No, it should not be the case that Data Engineers have to worry about the business logic behind the data they ingest. The actual business logic should only happen after data publication in datapool and should rather be done by the stakeholders (data scientists, data analysts and analytics engineers) themselves. I explain.
Data Engineers are technical experts
The two main reasons of why Data Engineers should not be interested in deep-diving into the business logic are easy to understand:
- The stakeholders are the only ones to truly know what they need from the data and how to codify their needs in a query;
- An increasingly technically complex world requires the formation of expert groups. As processes become increasingly complex, it is no longer possible for the handyman to carry all the tools and to know all about their sort of fashion.
Instead, Data Engineers are more equipped to handle the technical logic:
- Identify and ensure uniqueness of the data (key-based de-duplication)
- Type-casting (making sure that the values of an integer column are not of type string)
- Schema validation
- Normalisation (e.g. unnesting repeated fields)

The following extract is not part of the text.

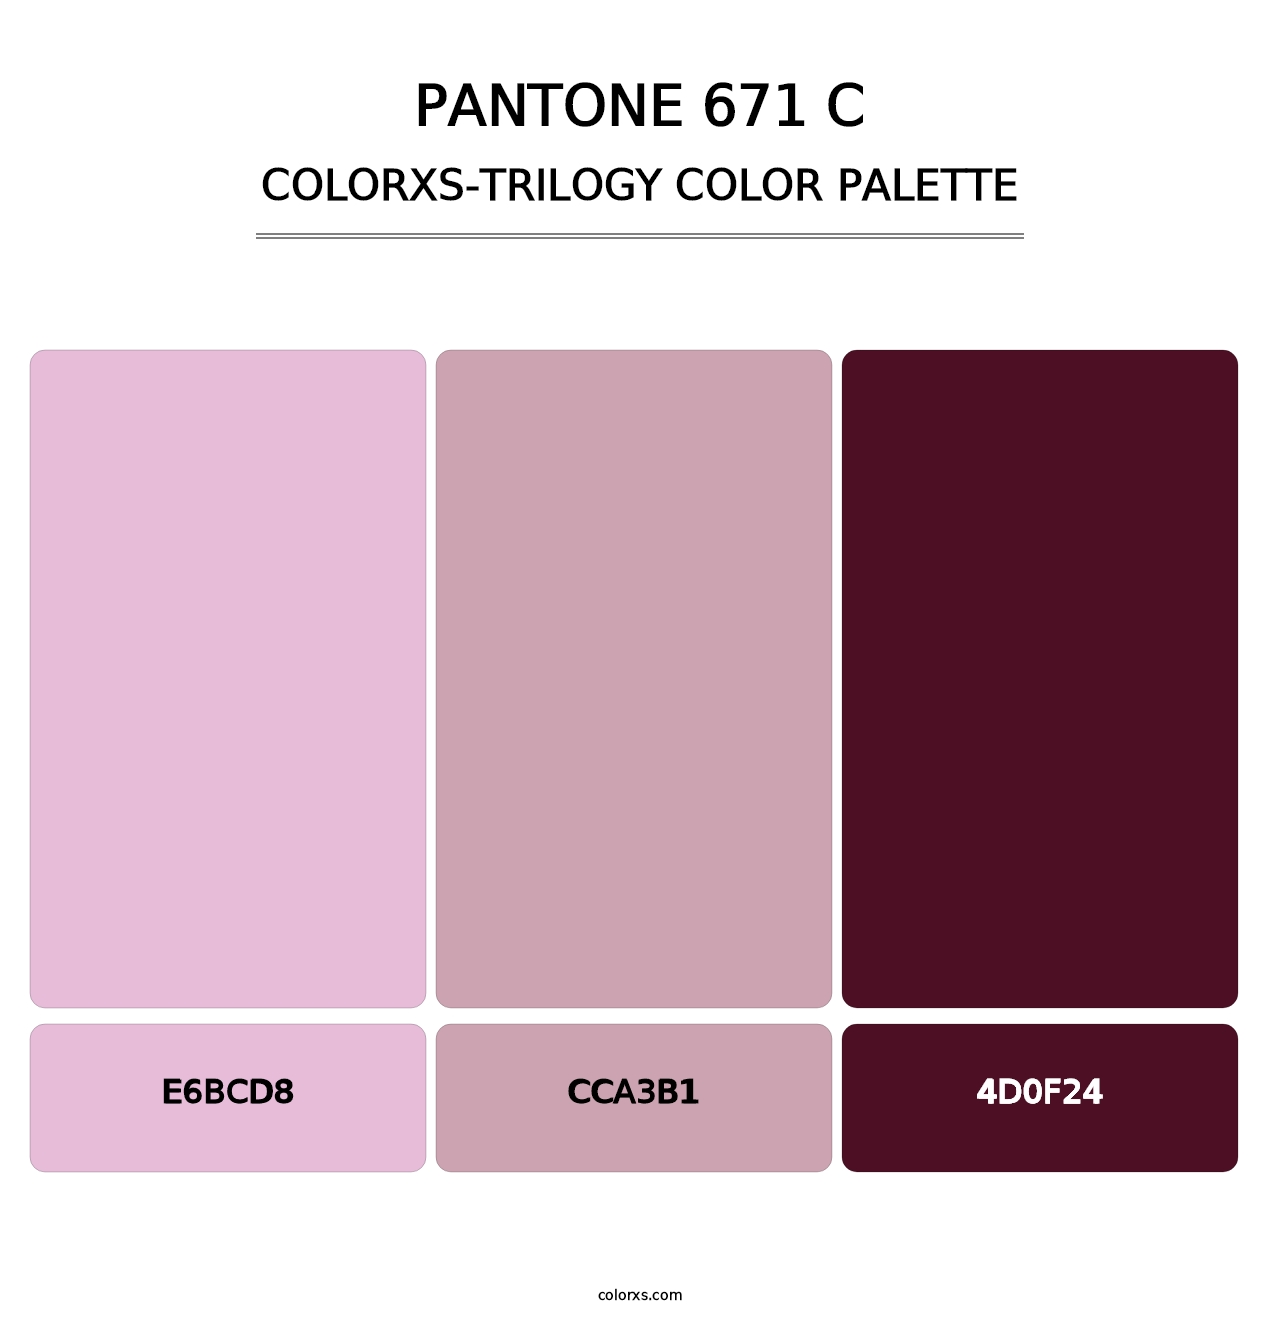 PANTONE 671 C - Colorxs Trilogy Palette

More: What is a Data Engineer.
Technical logic vs. Business Logic
Should you ask, below are examples of technical and business logic requests one might encounter in the shoes of the Data Engineer.
Technical Logic
- Ingest new source data (e.g. external databases, sftp servers, feeds and snapshots) into the Data Warehouse
- Turn the raw ingested data into structured data (e.g. from json to SQL tables)
- Define identity and access roles or create the Cloud infrastructure (projects, datasets, views and tables)

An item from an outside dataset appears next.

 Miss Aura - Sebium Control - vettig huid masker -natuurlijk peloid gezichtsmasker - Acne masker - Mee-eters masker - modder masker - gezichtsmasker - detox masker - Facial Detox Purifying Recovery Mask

- Define backups and security policies.
Business logic
- Generate graphs and reportings for upper management (role of data analysts/business intelligence)

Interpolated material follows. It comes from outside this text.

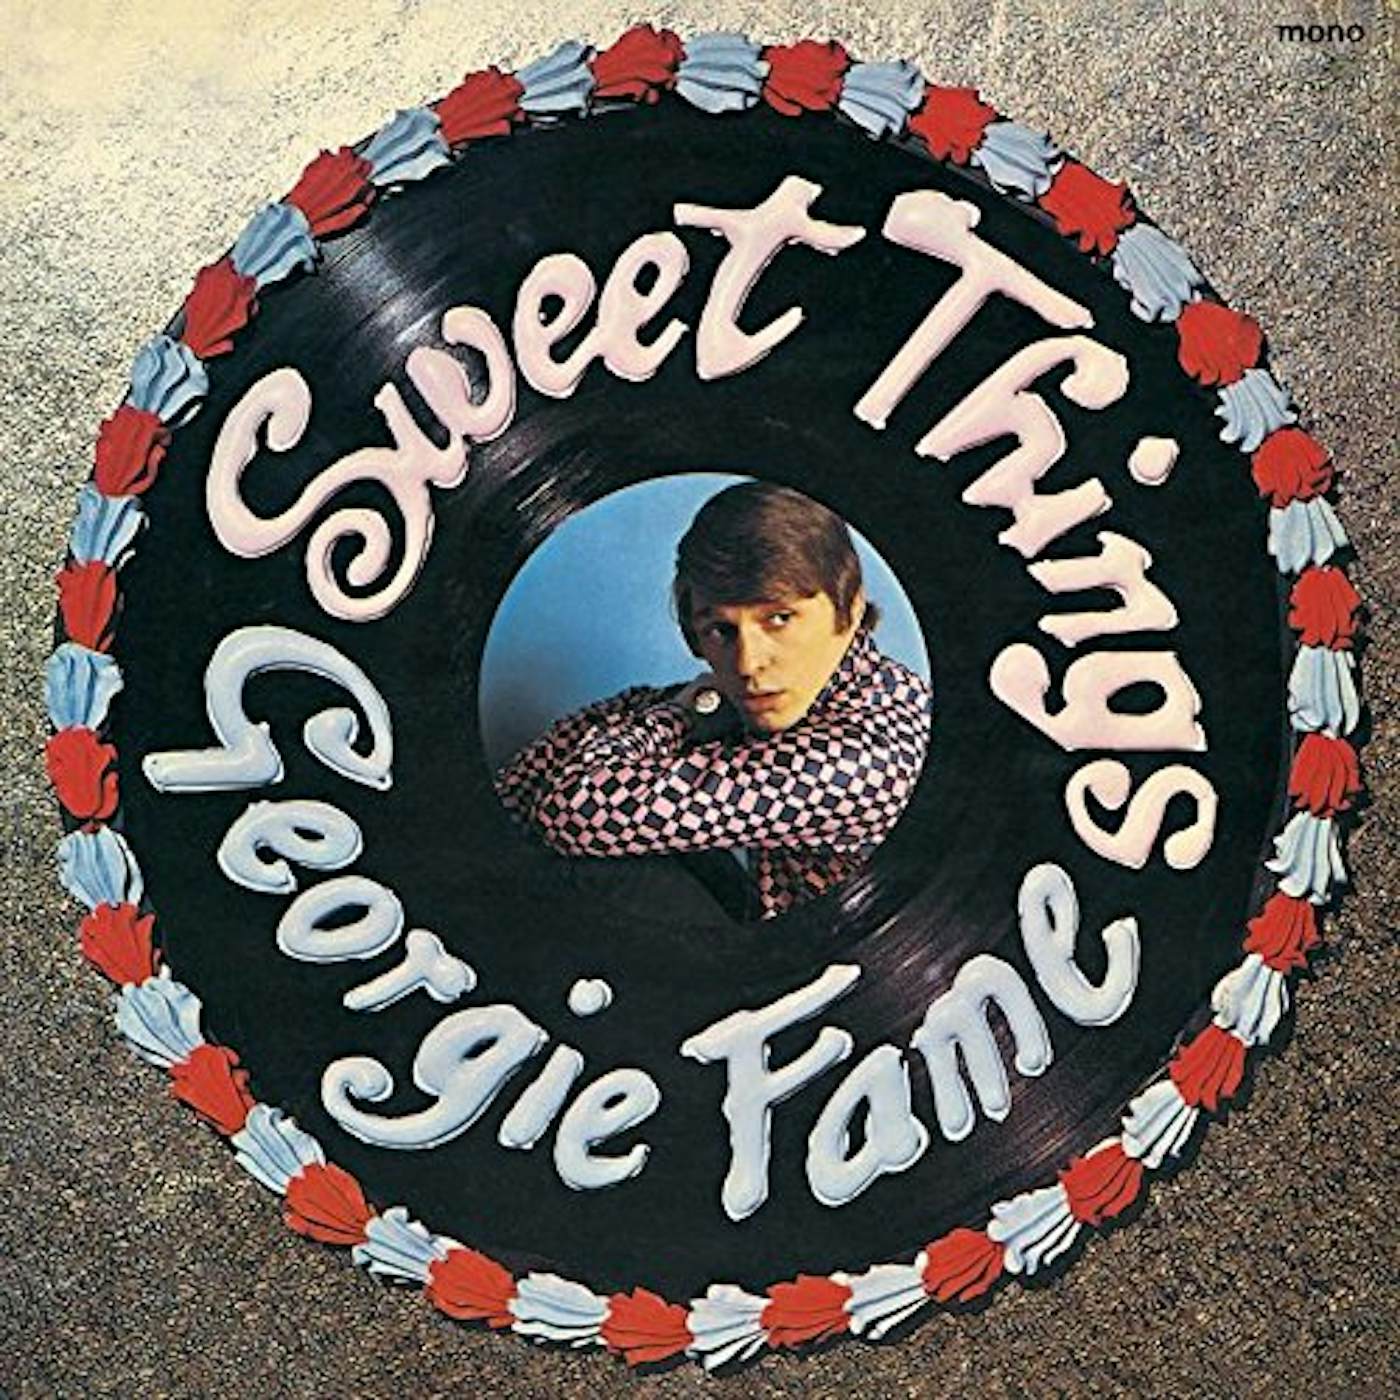 Georgie Fame SWEET THING CD

- Conduct Machine Learning projects (role of data scientists)
- Build a data catalogue and map the available data with the business object it represents e.g. shop orders or app users tables (role of data modellers)
Note: should a company fails to have a clear delimitation between both logics, it is a clear marker – at least for me – that their processes are not mature enough.
One more thing
It is always a headache when stakeholders reach you with their special requests, asking you to help them joining multiple tables against each other. Or to figure out why the business object they end up with does not matches their business needs. E.g.:
I would like to have the website’s frequentation for June associated with the average customer expenses with a 30 minutes granularity. See how it evolves the further down we enter into the month.
date | time | visitors | average_expenses |
---|---|---|---|
2022-06-01 | 00:00:00 UTC | 13 | 75 |
2022-06-01 | 00:30:00 UTC | 8 | 83 |
2022-06-01 | 01:00:00 UTC | 17 | 90 |
2022-06-01 | 01:30:00 UTC | 4 | 42 |
We simple don’t know. Our role is simply to bring the data there. Not to figure out the meaning of it, use it and come up with meaningful data-driven decisions.
Remember, entropy always wins 💥